A particular strength of the final chapter is its attention to music. In China, Tatlow reminds us, music and gestures are more important relative to words than in Western theater. Music moves us most deeply, words most rapidly, and visual codes most memorably, he writes. Kunju music is closer to Western music than jingju music (Peking opera) in several ways: jingju consists of "melismatic . . . isomorphic rhythmical reiteration" of melodies in the pentatonic scale (the same for each instrument). Kunju "adapted Indo-Asian melodies [that] originated among tribes . . . near the Burmese border." These lyrical folk melodies show greater rhythmical variation and harmonic effects that are not available to jingju. Similarly, Kunju theater accompanies the emotions expressed through song with a more expressive dance style than jingju (189–200).
Tatlow also approaches stagings comparatively. The witches in Macbeth are more dramatically costumed and more prominent than in Western versions of the play; they strike poses and move by dancing and acrobatics. "One side of their heads encourages his desire, the other side evaluates it. They are visibly 'double,' like the linguistic metaphors in Shakespeare's play" (201). Lady Macbeth, "although sleep-walking[,] externalizes the unconscious. . . ." Ghosts of people she has murdered "literally appear before her eyes and torment her. . . . they close in on her, and she collapses at the end of a long series of whirling movements that cut off all mental escape. The constriction is physically palpable" (209). To tie staging conventions together, Tatlow quotes the opera company's brochure: "Spectacle replaces Shakespeare's penetrating characterization"; but he suggests that spectacle may actually [End Page 162] "relocate and reinforce characterization, rather than replace it" (201), adding depth to our understanding.

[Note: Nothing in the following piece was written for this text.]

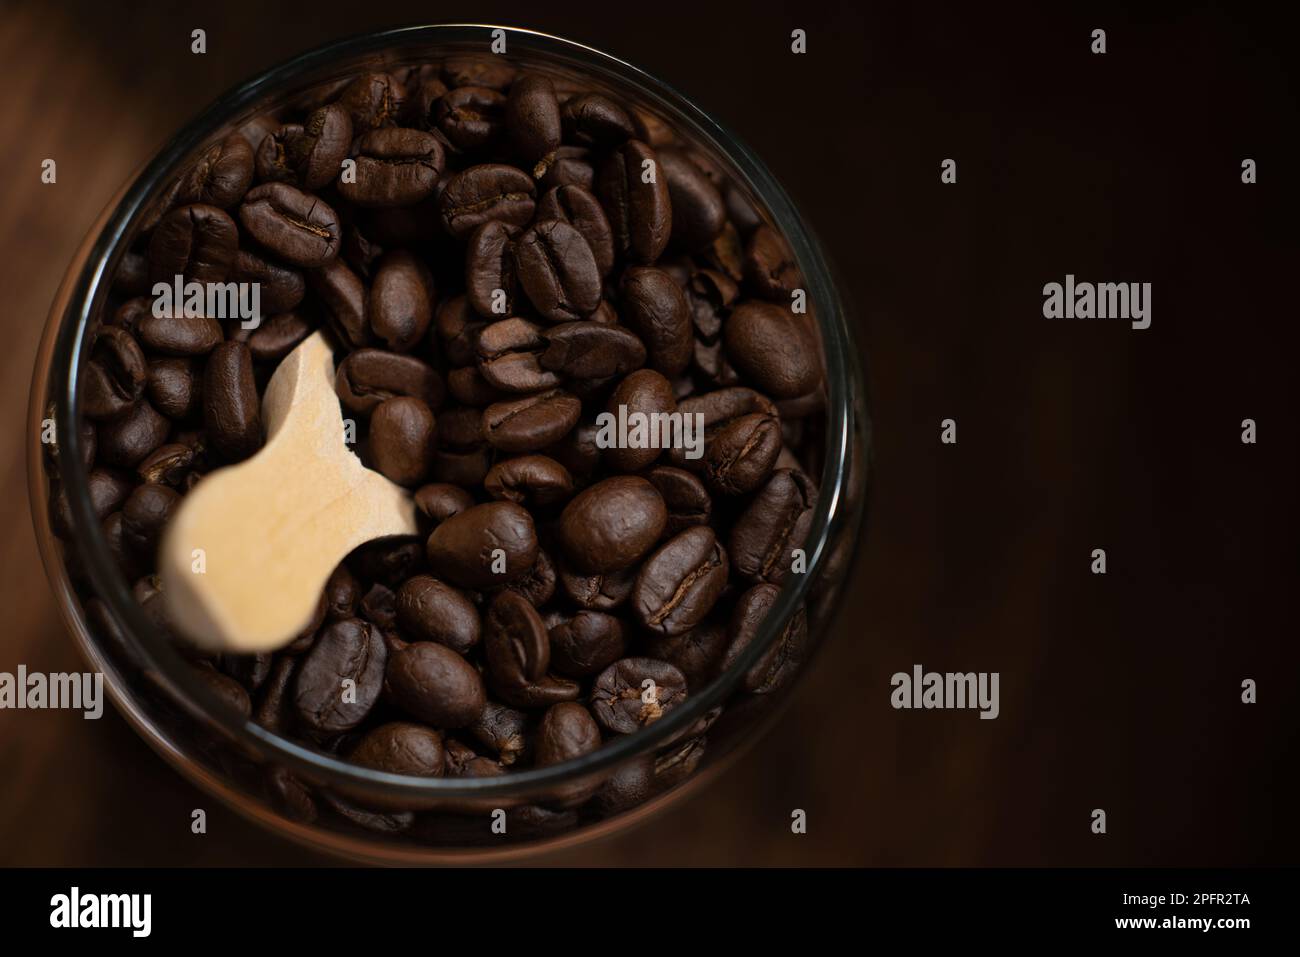 Coffee Beans display in dark background in dark wooden base with wooden spoon in glass mason jar Stock Photo

What really fascinates Tatlow about Kunju opera versions of Shakespeare is that they translate Shakespeare's attention to detail of character into equally subtle gestures (210–212). Tatlow hopes eventually to "connect specific gestural moments to an interpretive strategy, thus binding the particular to a theorizable intention." He envisions a postmodern intercultural theater that explores and "situate[s] a cultural unconscious," extending our horizons past the Western culture to which we are accustomed (31–35).
The point of Tatlow's volume is ultimately utopian and indicative rather than analytic. By showing how to paint pictures of intercultural research, Tatlow expects communication among world cultures to increase through what he calls the "dialectics of acculturation" (230–231). He hopes that productions in cultural and linguistic translation will reach our unconscious minds and encourage us to "relocate ourselves as readers of texts and interpreters of culture" (189). His fascinating vignettes point to areas for future research in which theories need to be evolved for understanding intercultural sensibility and cultural contact.